Hi, I'm very new to body care and to shea butter. I wanted to whip my shea butter and followed a tutorial. I melted the shea over double boiler then transferred it to my mixer. After whipping for hours (stopping so as not to overheat, plus mixing by hand), the shea didn't whip. I put it into the fridge for 5 mins after the first 15mins, no whipping. Finally through trial and error (placing into freezer for 9mins) it whipped almost instantly in my stand mixer. I was so happy, it was fluffy and gorgeous.  However, within minutes of packaging, the texture changed to a chalky consistency. It melts on skin contact, but it doesn't look good (want to give as try-outs to my family).

Did I over beat/mix it?
Was the cooling temperature too long? too short?

I would really like to keep the shea uncut (no other butters or oils added), any help is appreciated.  Thanks!


----------



## ltcartwright (Jul 21, 2010)

Thanks to Mr. Soap, my shea butter has whipped with no chalkiness.  It was the heat.  I'll keep working on this mixture to get it perfected for my business.  Thanks again Mr. Soap!


----------



## carebear (Jul 21, 2010)

I don't preserve anhydrous products unless they are likely to get water in them (e.g., scrubs).

For a dense whipped butter I use 70% shea and 30% olive oil - very rich.  For a lighter one I add a touch of kokum and use a blend of oils including (among others) jojoba and fractionated coconut oil.

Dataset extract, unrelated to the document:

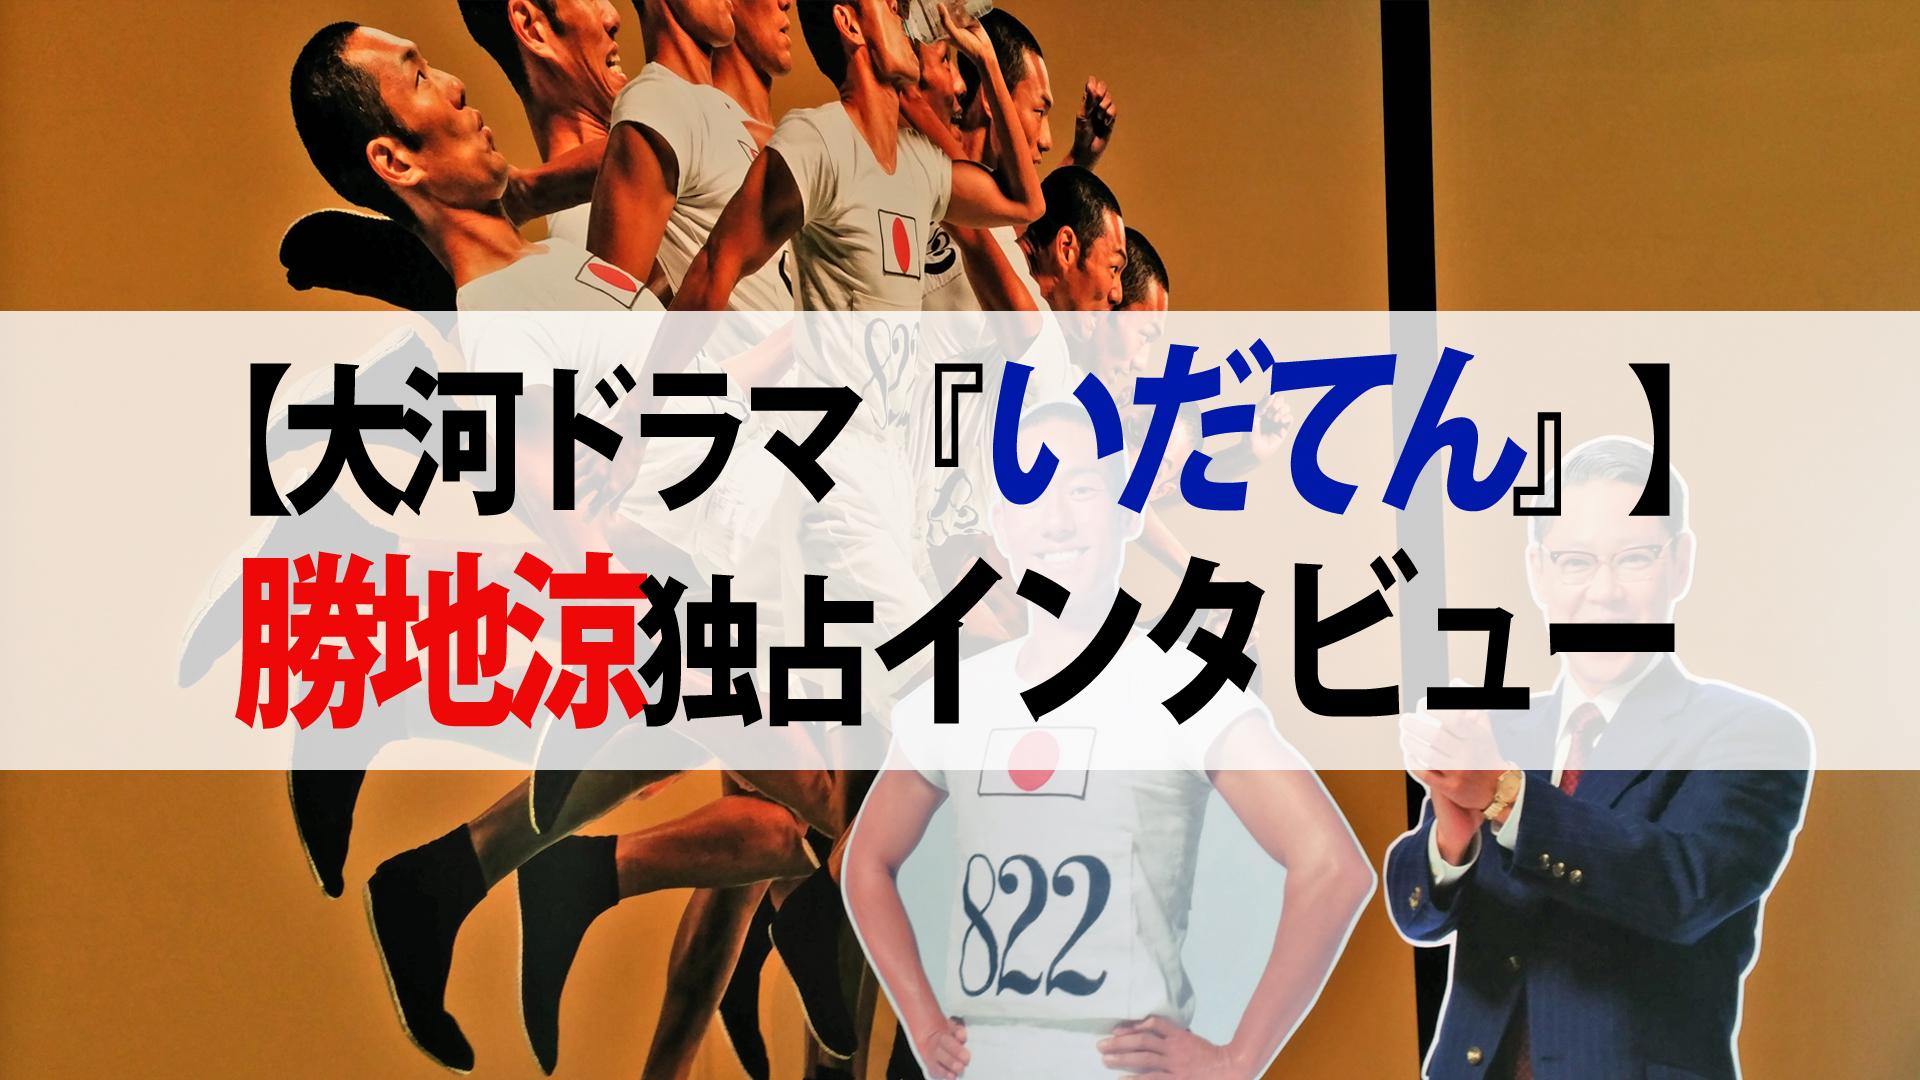 【大河ドラマ『いだてん』】『美川秀信』役の勝地涼への独占インタビュー!『いだてん』撮影の裏話も!?【クマロク!】

I don't use unrefined shea butter any more - although I love the smell & feel, I have no confidence in the quality control/sanitation of it.  If you DO use unrefined shea for direct application on skin (as opposed to soaping it), please get it from a top notch supplier.


----------



## Lindy (Jul 28, 2010)

You can also not melt the Shea, but melt the Cocoa Butter and Mango then add to the shea and whip from there.  If you add any liquid like Aloe Vera Extract then you will need a preaservative because you are now creating an environment for nasties.  Also keep in mind how the product is going to be used.  If people are introducing water to it, then you again may have a problem with things growing so it's better to be safe than sorry, especially if you are going to be selling the product.  You can up your soft oils a bit and add some corn starch to cut the "Greasy" feeling and still add some fluff into the recipe....


----------